05 August 2009


Thoughts on Softwar, former Economist correspondent Matthew Symonds's bio of Larry Ellison.
  1. Symonds's agent, Andrew Wylie, brokered a deal in which Ellison had the right of reply---in footnotes. These added some color to the book, but not as much as I'd hoped.
  2. Most of his conversations with Ellison appear to have taken place on private planes, yachts, or exotic resorts --- not the places that one would expect to find a biographer who wanted to play Robert Caro to Ellison's Robert Moses. The author himself is in twenty percent of the book's group photos featuring an adult Ellison.
  3. The most interesting part of Ellison's career --- how he went from being an itinerent rock-climbing hacker to founder of a fast-growing database company --- is compressed into far too few pages. I realize that paper is expensive these days, but I would have preferred more material about Oracle/SDL/RSI's early stages and fewer anecdotes about how Ellison's head of sales talked him into ditching his "cheap Seiko wristwatch" and buying a Rolex---"'but in stainless. I couldn't deal with gold.'" An entire chapter (I skipped it) is devoted to sailboat racing. Some of the "lifestyle" material -- for instance, the Adelyn Lee wrongful-termination/extortion case -- is illuminating. Most isn't.
  4. One early anecdote featured the proto-Oracle nearly running out of cash because, despite some early sales to three-letter intelligence agencies, Ellison & Co. hadn't realized that the feds can spend years between closing a sale and cutting a check.
  5. Ellison himself presents some intriguing ideas.

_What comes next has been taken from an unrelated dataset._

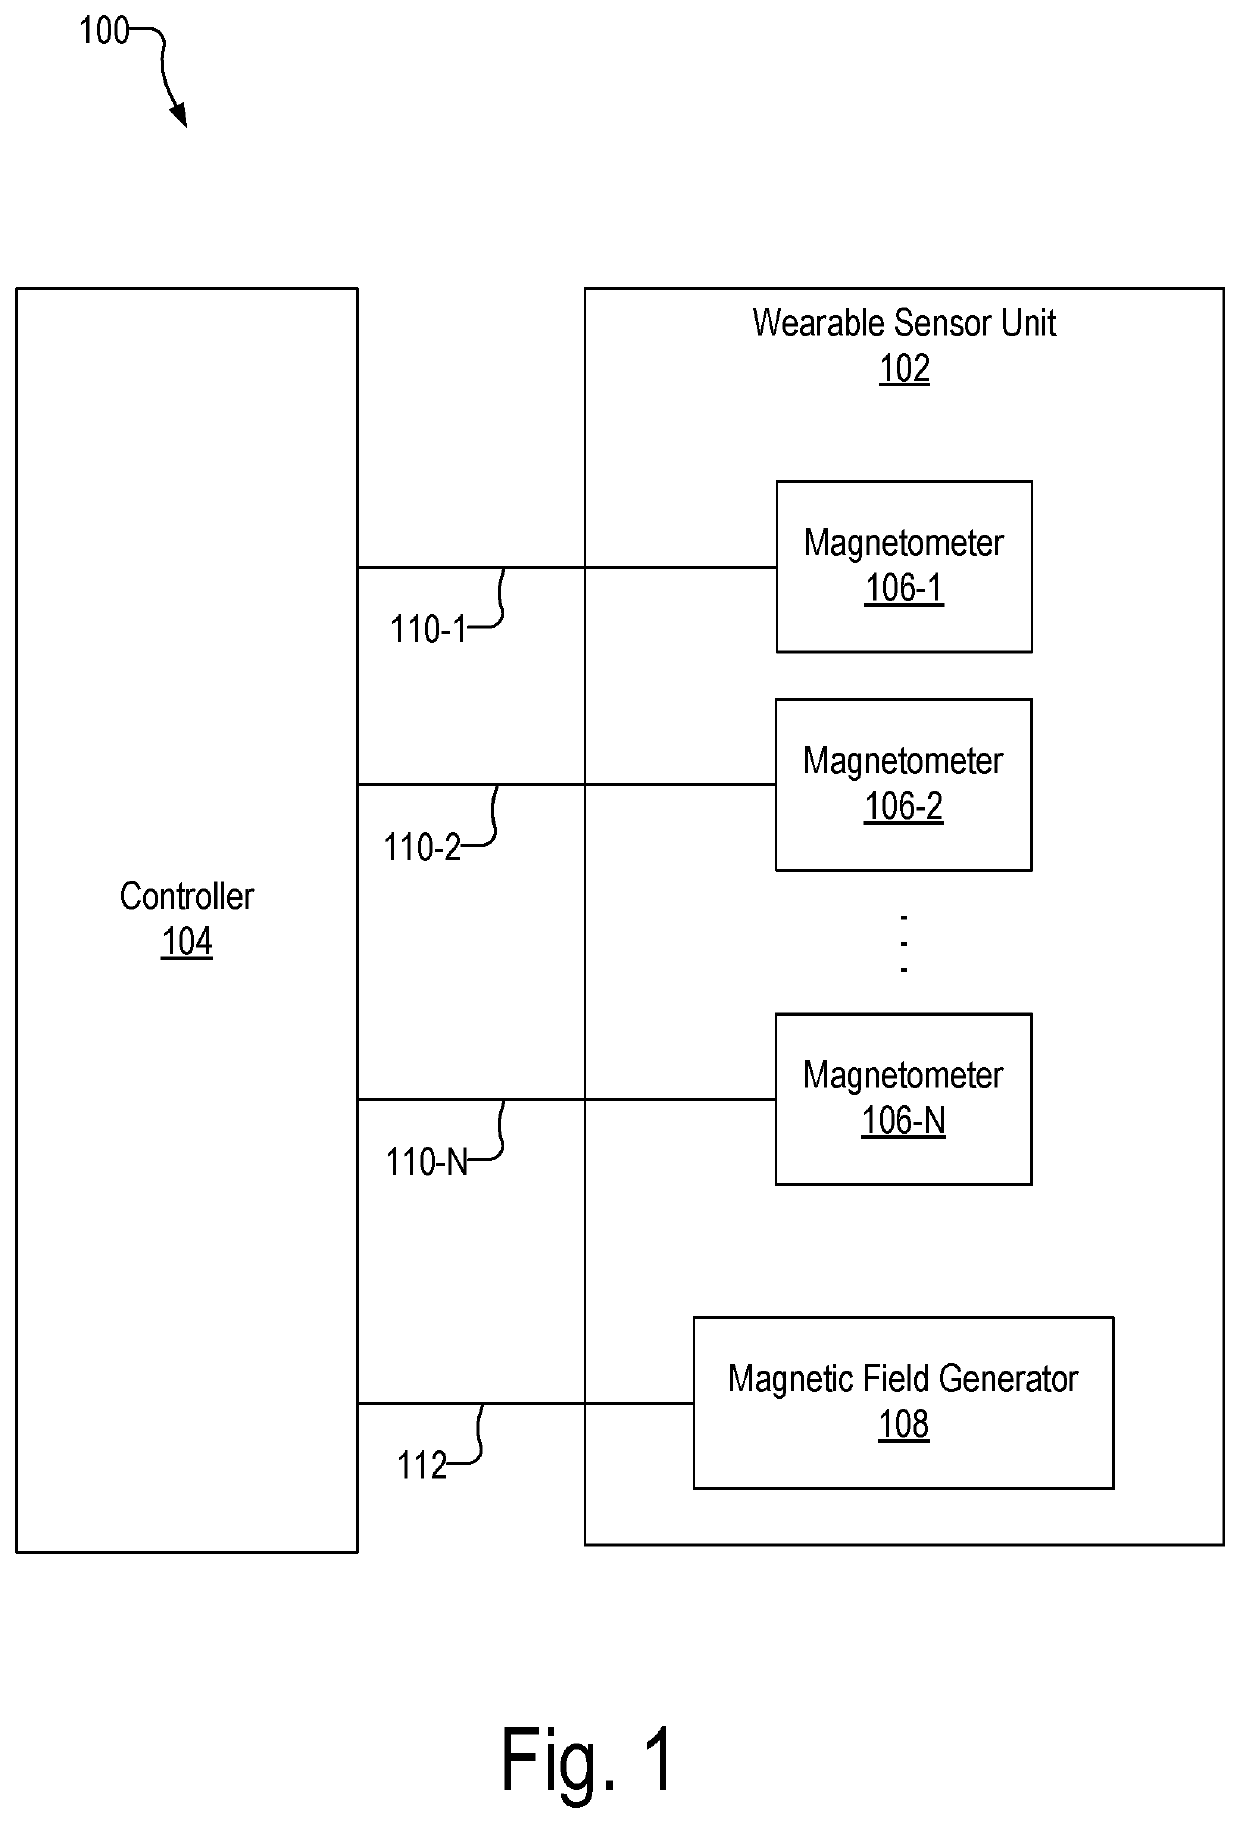 Single controller for wearable sensor unit that includes an array of magnetometers
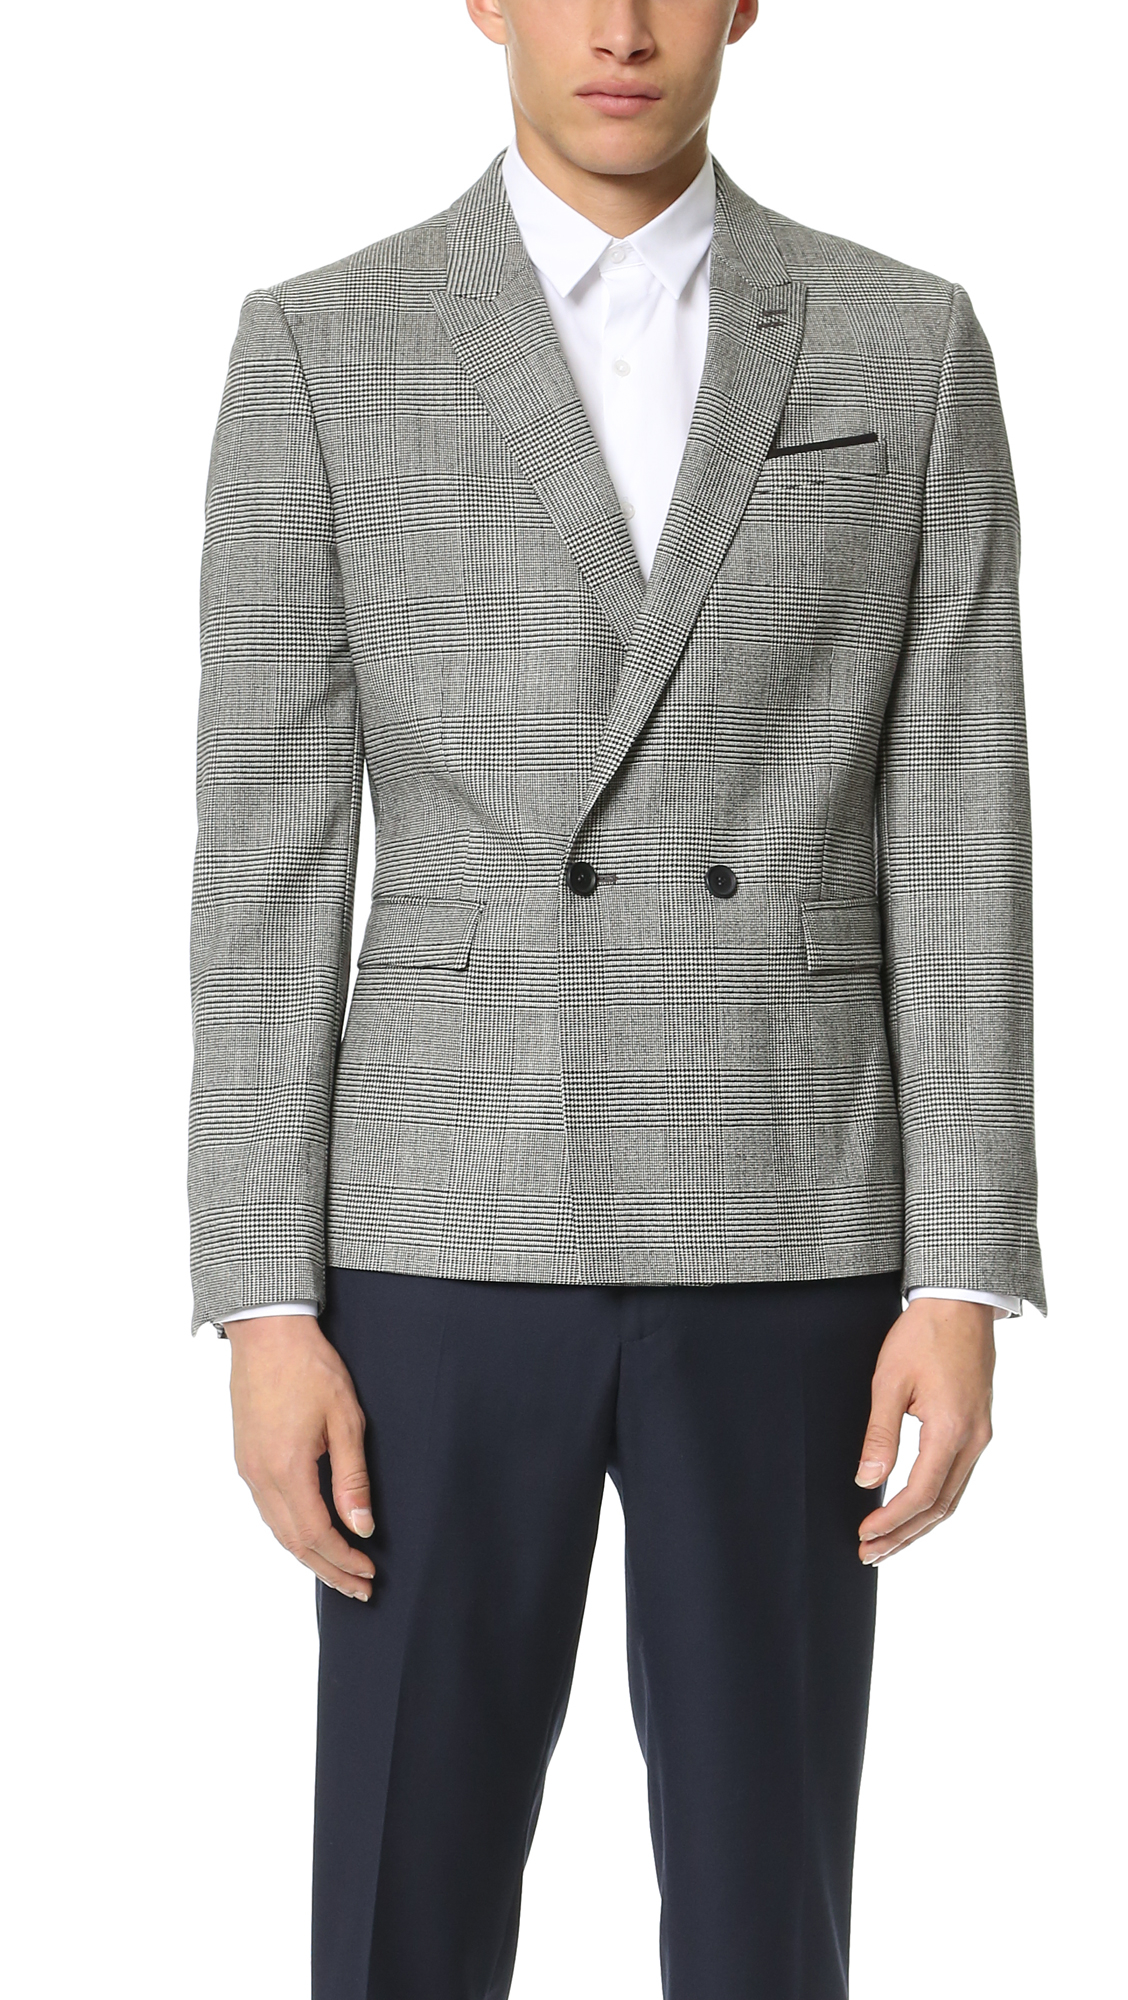 Lyst - The Kooples Double Breasted Prince Of Wales Check Jacket in ...

It's better to reengineer business processes to fit software than the other way around (p. 476) Software is so abstract that the key to selling it is customer references: "selling the architecture only works with a few early adopters"; "people have this innate belief that there is safety in numbers". (p.239).
  6. The California Oracle license-sales debacle was, according to Symonds, an attempt to smear Gray Davis that happened to involve Oracle. Oracle, by way of the systems-integrator Logicon, actually gave California a spectacular deal on licenses. When the scandal (which involved an ill-timed campaign donation) broke, Oracle even offered to cancel the contract, but the state declined. (On that note, there are few scandals in the book where Symonds concludes that Ellison or Oracle was less sinned against than sinning.)